This week’s song owes its success, but only in America, to one half of a legendary duo and one quarter of an even more legendary quartet. Despite charting half a dozen US hits in just 16 months, The Cyrkle are only remembered for their debut which was called Red Rubber Ball.
Rhythm guitarist singer Don Dannemann and singer, lead guitar and bass player Tom Dawes met in 1961 whilst studying at Lafayette College in Pennsylvania and originally formed a band with drummer Mary Fried called The Rhondells. Dawes said, “We did all the pop tunes of the day including songs by the Beach Boys and the Four Seasons.” It was after a performance at Atlantic City in New Jersey that led them to signing a recording contract with Columbia records. The area where Lafayette College is situated in downtown Easton is known locally as the circle. According to the sleeve notes on their anthology, Red Rubber Ball : The Best of the Cyrkle, Dawes said, “Nat Weiss (an artist lawyer) had spoken to Brian Epstein (whom he had been friends for a while) and supposedly asked John Lennon if he had any ideas for group names and, as an allusion to the college area, he came up with The Cyrkle.
The newly named Cyrkle got their big break in early 1966 when they opened for Simon and Garfunkel for whom Dawes was also a touring member. During that time Paul Simon offered them Red Rubber Ball, a song he had co-written with Bruce Woodley of The Seekers. After the duo had released the album Wednesday Morning, 3 A.M. which failed in America, Simon moved to the UK where he met Woodley and the pair wrote the song which was originally intended for The Seekers, but the rest of the band didn’t like it and turned it down. After learning that it was a hit for The Cyrkle, the Seekers eventually did record it and can be found on their 1966 album Come the Day which was titled Georgy Girl in the States. Later that year, because of the Brian Epstein connection, they opened 14 nights on the Beatles’ US tour.
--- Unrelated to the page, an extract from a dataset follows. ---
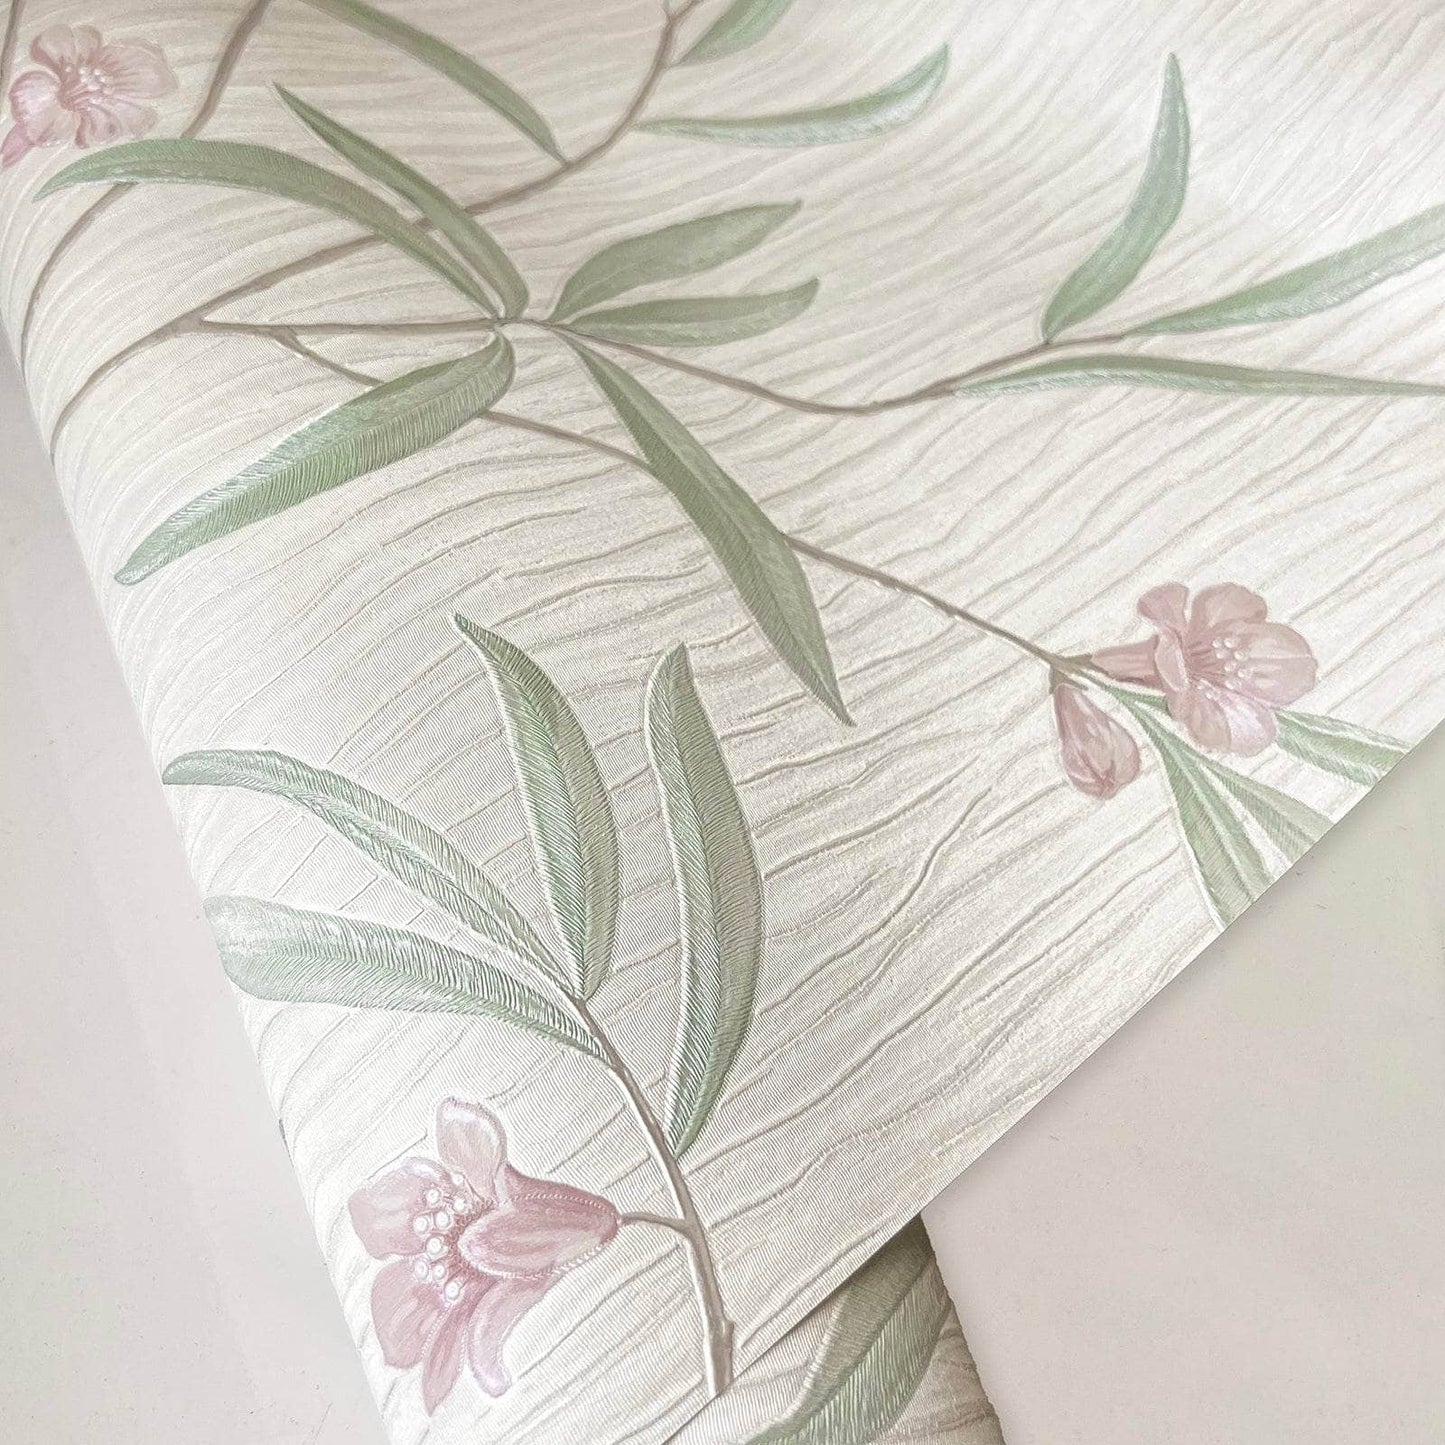 Wallpaper  -  Belgravia Tiffany Floral White, Sage & Heather Wallpaper - 41331  -  60009419

It was Dawes who first heard the demo and played it to Dannemann who recalled a few years later what he thought at the time, “To be honest with you, my first feeling was it’s no great shakes, but everybody else seemed to think, ‘yeah there’s something here. Let’s try it.’ So we did and the song became a big hit for us. It’s really funny, but I never thought much about it at the time.”
Paul Simon has stated in numerous interviews that he wrote Red Rubber Ball whilst in England and did so just to get a £100 advance from the Seekers. The Cyrkle’s version, which features an electric organ played by Earl Pickens, was the first production by John Simon who later went on to work with The Band. What set it apart from other tracks of the era was that it was recorded in stereo with lead, bass guitar and percussion on the right track and acoustic guitar and electric organ on left. The vocals were on both.
The Cyrkle had one other top 20 US hit, Turn Down Day, but following the death of Brian Epstein the band broke up with Dannemann and Dawes becoming successful jingle writers. Dawes’ most famous TV advert was for the ‘plop plop fizz fizz’ jingle for Alka-Seltzer. Dannemann’s most popular material was for Continental Airlines and Swanson Foods, eventually writing the original 7Up – Uncola ads which featured Geoffrey Holder.
The song, which not only famously featured on Leonard Cohen’s jukebox, has been covered by Del Shannon, Mel Torme, Cliff Richard, Cilla Black and Neil Diamond.
In the mid-eighties Sundazed records acquired the license from Columbia to re-issue The Cyrkle’s back catalogue, “They sent me what they were putting out and they wanted comments from Tommy and I and our drummer, Marty Fried,” recalled Dannemann. “Now understand, after the band broke up I got involved in advertising and had a nice career doing commercials and things. I had a production company. So I had really left that part behind. Anyway, I was on a plane and had nothing to do, so I pulled out my Walkman and listened to the cassette. When Red Rubber Ball came on and as soon as I heard the first two seconds, it was like ‘Wow! There’s magic in that. That really was a special hit.’ I had just never thought about it like that. My conclusion is, you can take the best producers, the best musicians, the best writers, and the best artists and bring them all together and you might make a good record. But you can’t guarantee the magic. It may or may not happen.”